== MATERIAL PROVIDED
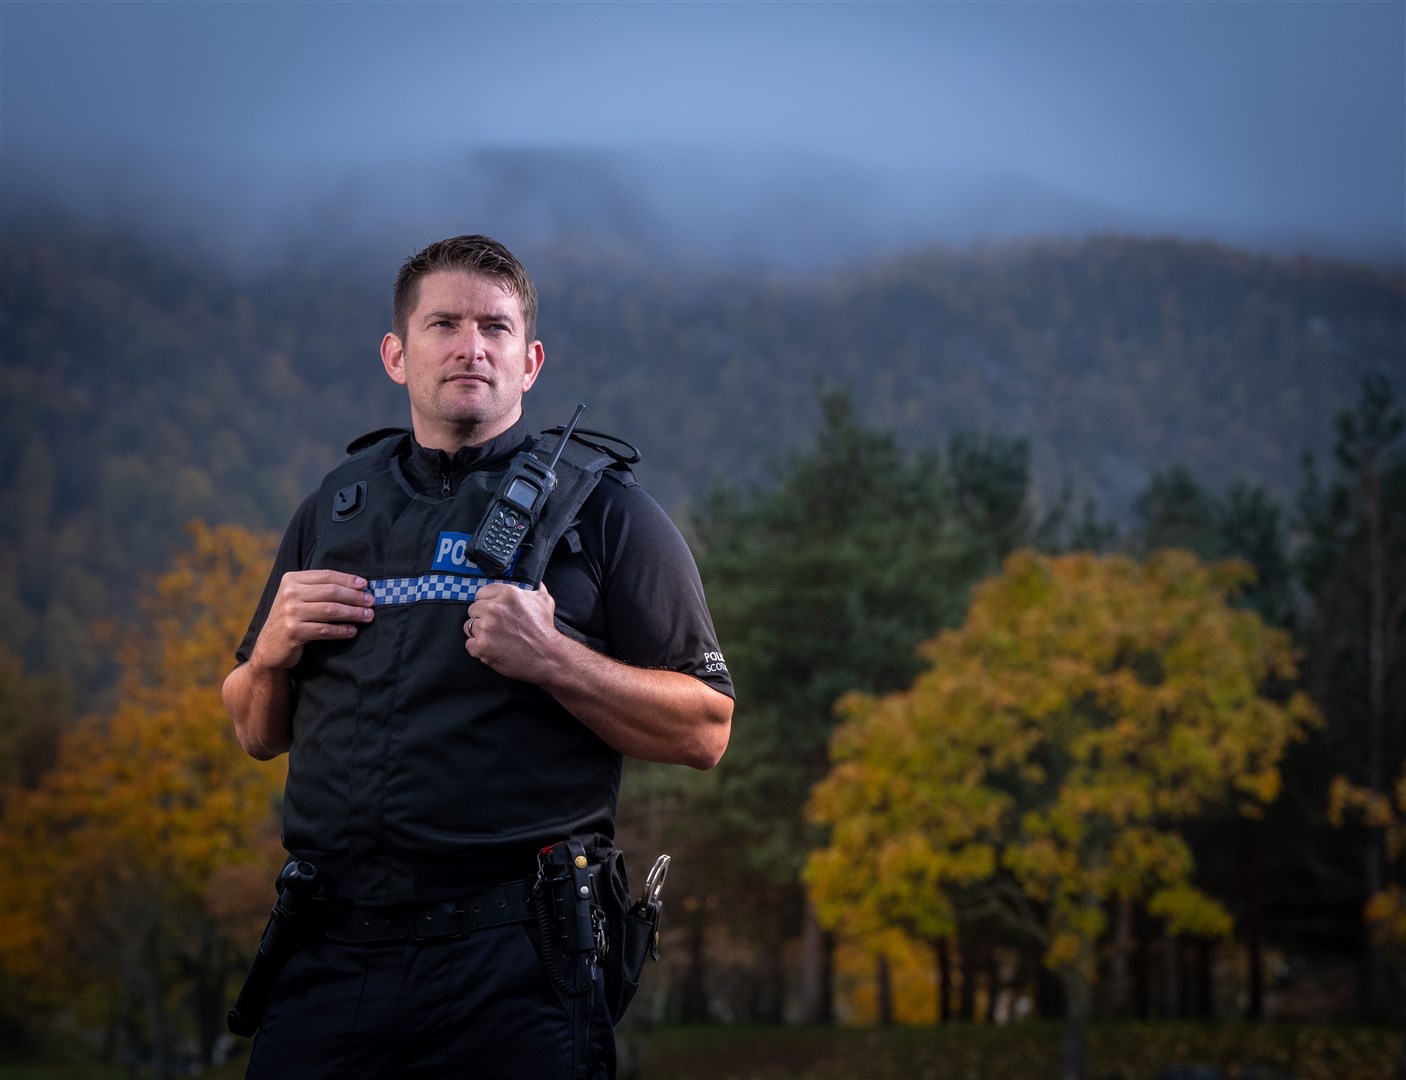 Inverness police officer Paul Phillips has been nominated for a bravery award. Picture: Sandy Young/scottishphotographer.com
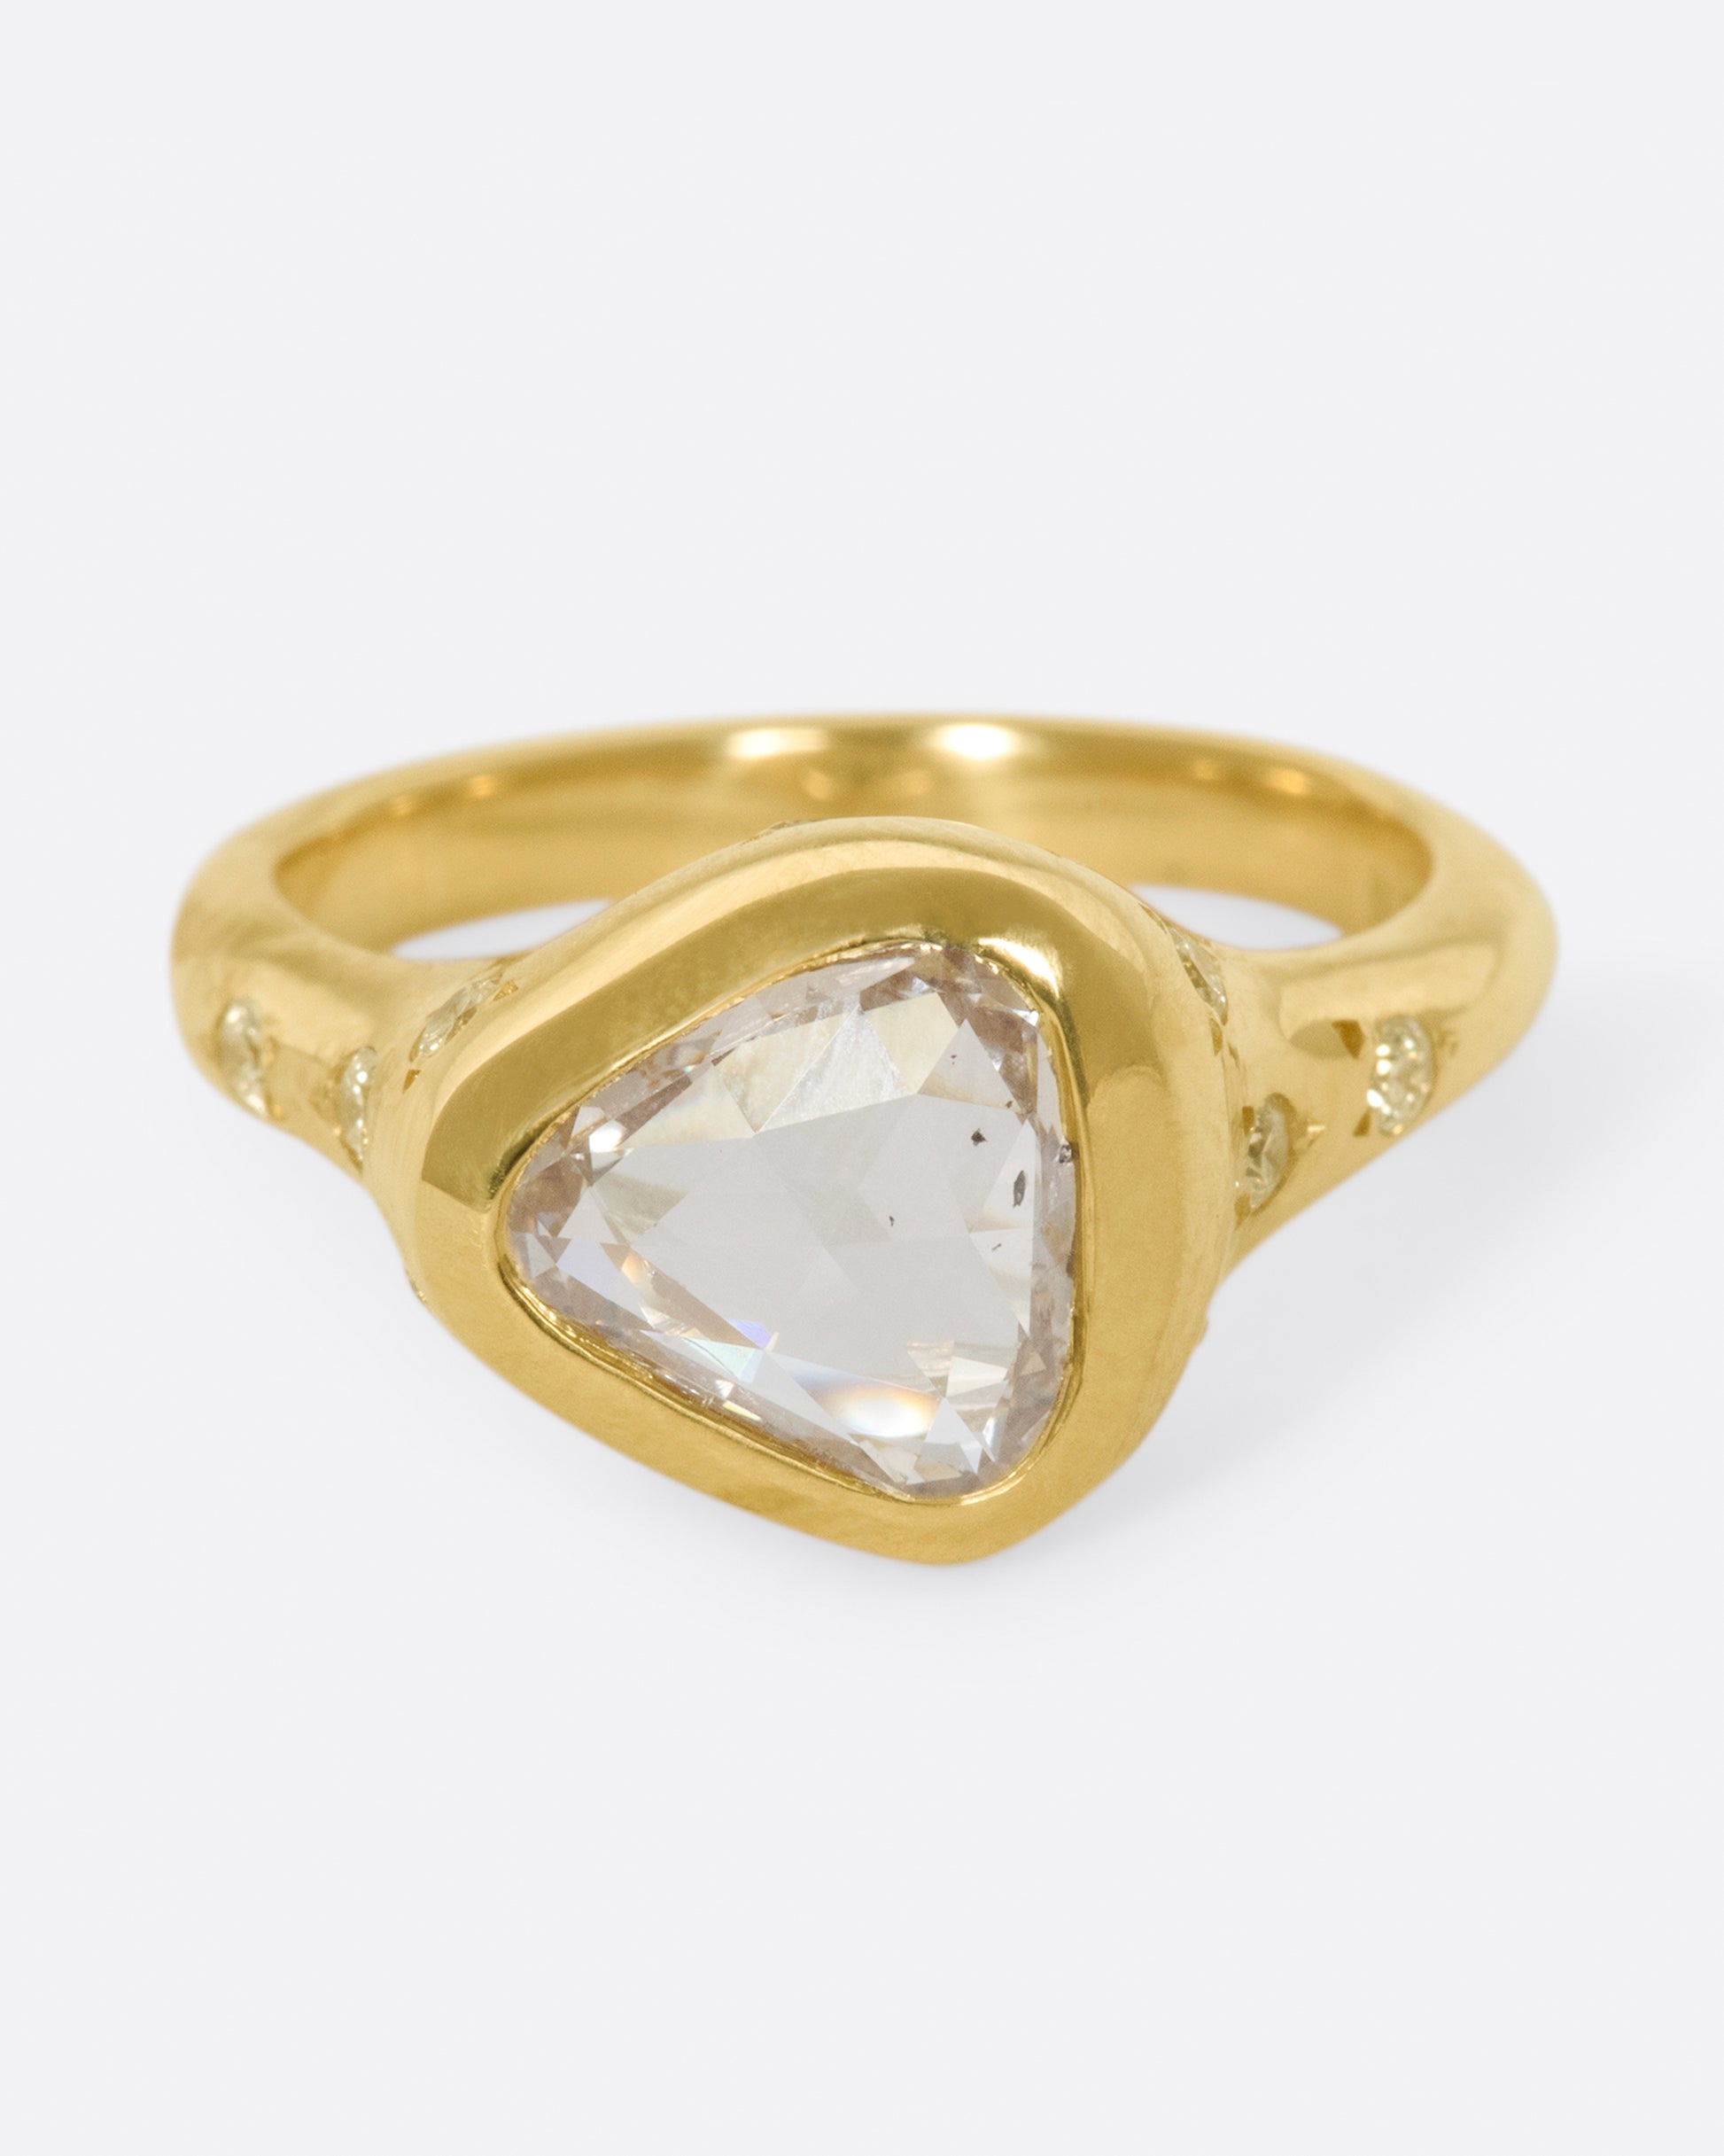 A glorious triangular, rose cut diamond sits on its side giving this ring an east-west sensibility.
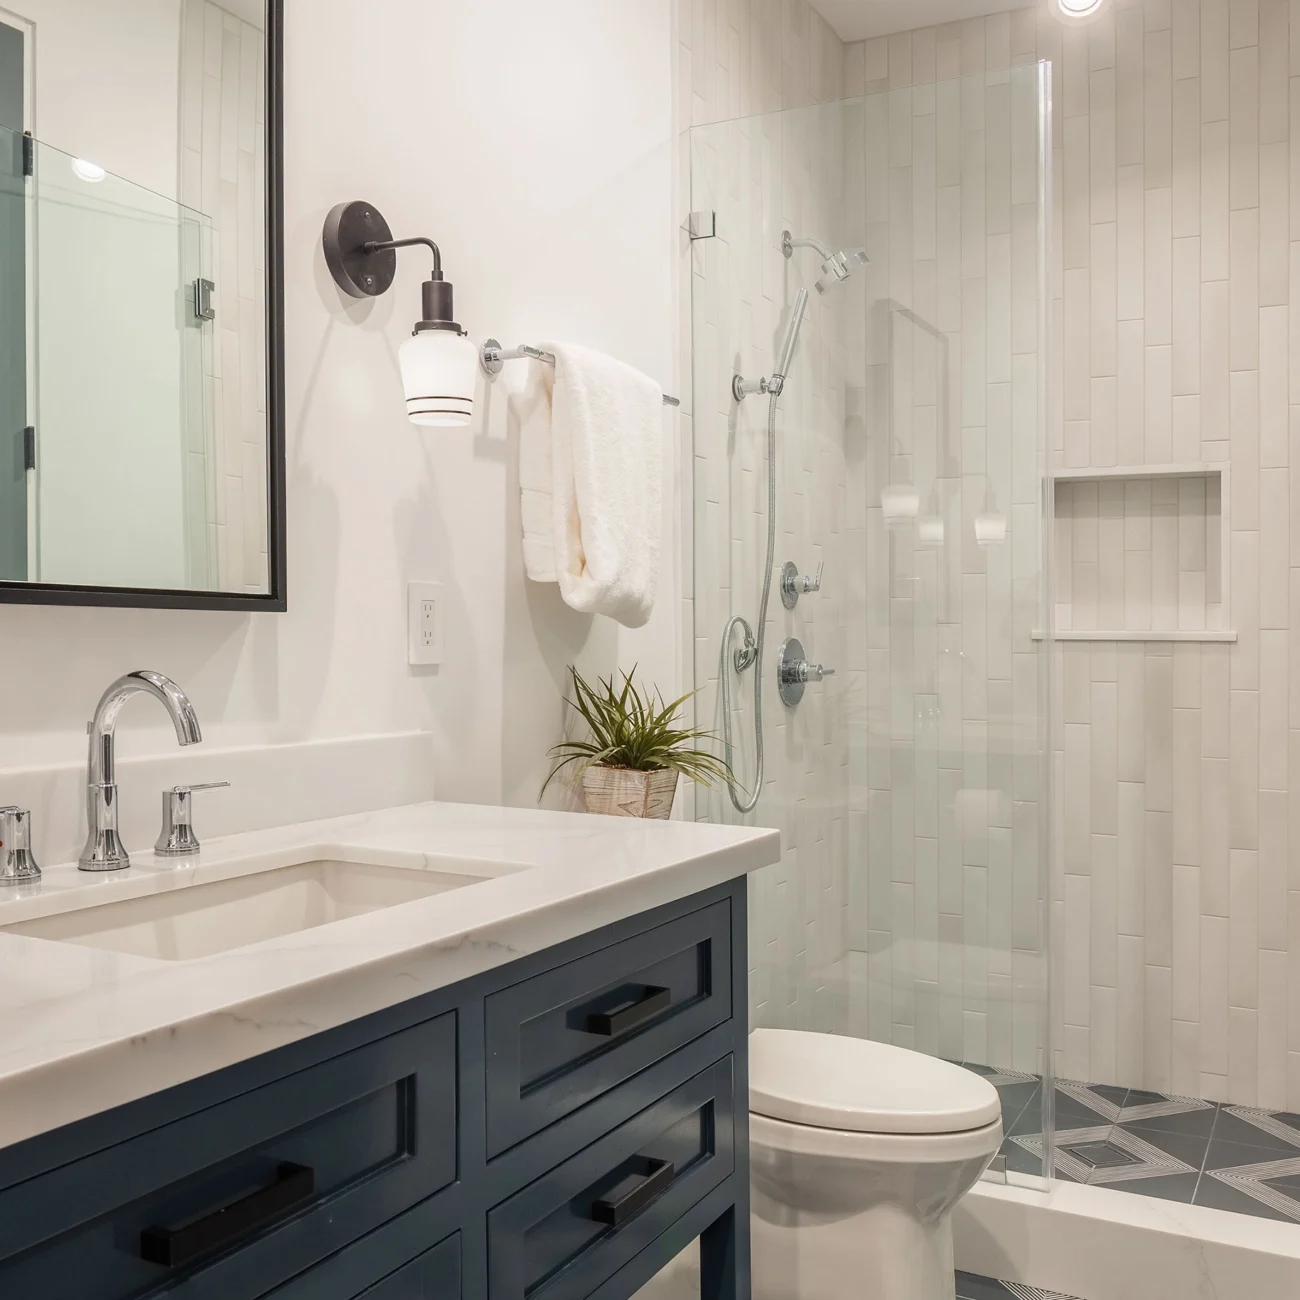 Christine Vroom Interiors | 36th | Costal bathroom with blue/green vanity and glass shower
====
_EXERCISE DETAILS:_
Reproduce the whole listing verbatim and keep all pictures out of it.

_REPLY:_
 Inverness police officer Paul Phillips has been nominated for a bravery award. Picture: Sandy Young/scottishphotographer.com
 A glorious triangular, rose cut diamond sits on its side giving this ring an east-west sensibility.
 Christine Vroom Interiors | 36th | Costal bathroom with blue/green vanity and glass shower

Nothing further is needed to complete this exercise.